1 x 11
Mi giro tra le lenzuola sgualcite di un letto pieno di spine. Prima di aprire gli occhi e di concedermi alla mattina, cerco di ricordare a memoria quanto prima mi piacesse il tuo respiro.
Adesso è lontano, morde, ringhia, mi disgusta. Prima di cosa?
Cerco di intrappolare momenti accaduti, iniziati e finiti, come tutto quello che mi piace di meno.
Se qualcuno dovesse chiedermi: «cos’è che ti piace di meno?» io senza pensare risponderei muta, indicando solo con un dito tutte le cose che hanno una fine e che i malinconici come me sono costretti a sopportare.
Con il braccio sinistro mi scuoti riportandomi alla realtà, con una dolcezza che ho piacere a riscoprire in gesti piccolissimi come questo, ogni volta che non ci pensi e non mi guardi.
Apro gli occhi e ti sorrido, racconto divertita che ti sei addormentato con la bocca aperta. Poi, come un segreto inconfessabile, taccio i baci che ti ho incastrato tra i denti, sotto la lingua molle e la saliva della notte.
«Stanotte mi ha scritto Marina» dico invece, rapidamente e sottovoce, mentre cerchi di infilarti i jeans al bordo del letto.
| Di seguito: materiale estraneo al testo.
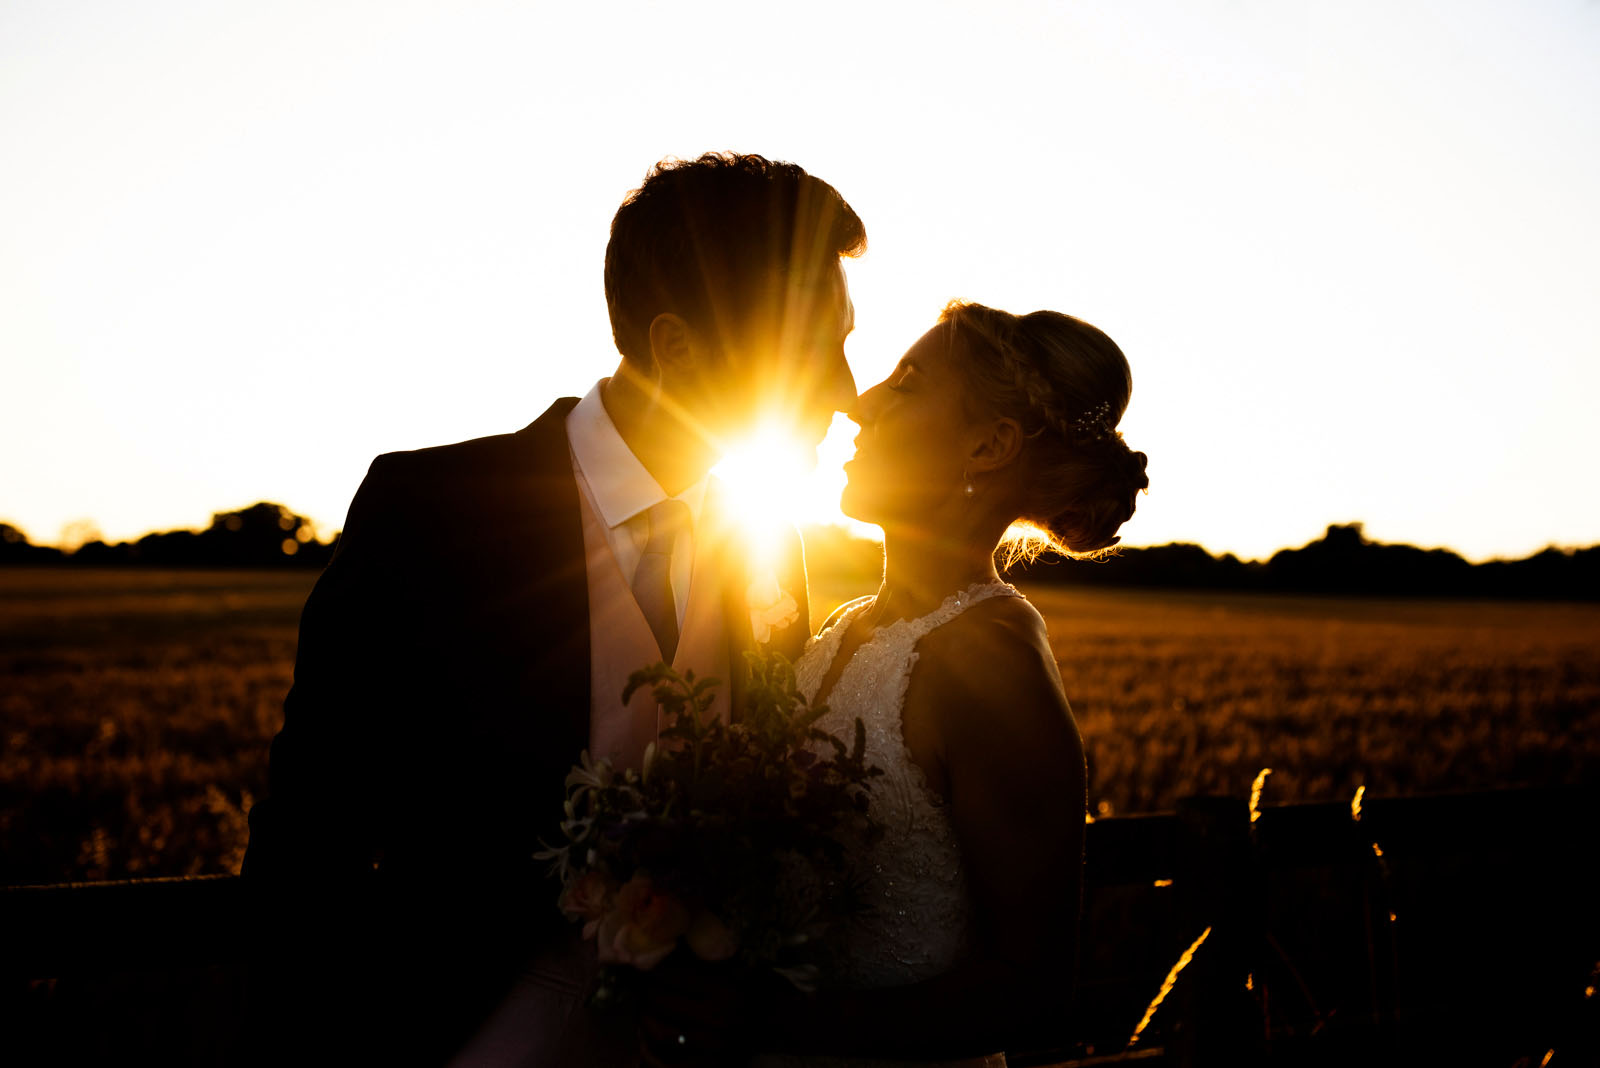 Backlit bride and groom photos at sunset.

Non ti volti ma ti fermi, continui a cercare la gamba sinistra senza riuscirci. A volte sembri un bambino, mi spaventi.
«Mi ha scritto una lettera lunghissima. Dice che a Belgrado c’è freddo, che nei prossimi giorni è prevista neve. Ha tirato fuori dall’armadio il cappotto di sua nonna ma non riesce ad indossarlo, ha la fodera interna scucita, non riesce mai a trovare i buchi giusti per infilarci le braccia. Perde tempo e invece la vita va velocissima intorno a lei.»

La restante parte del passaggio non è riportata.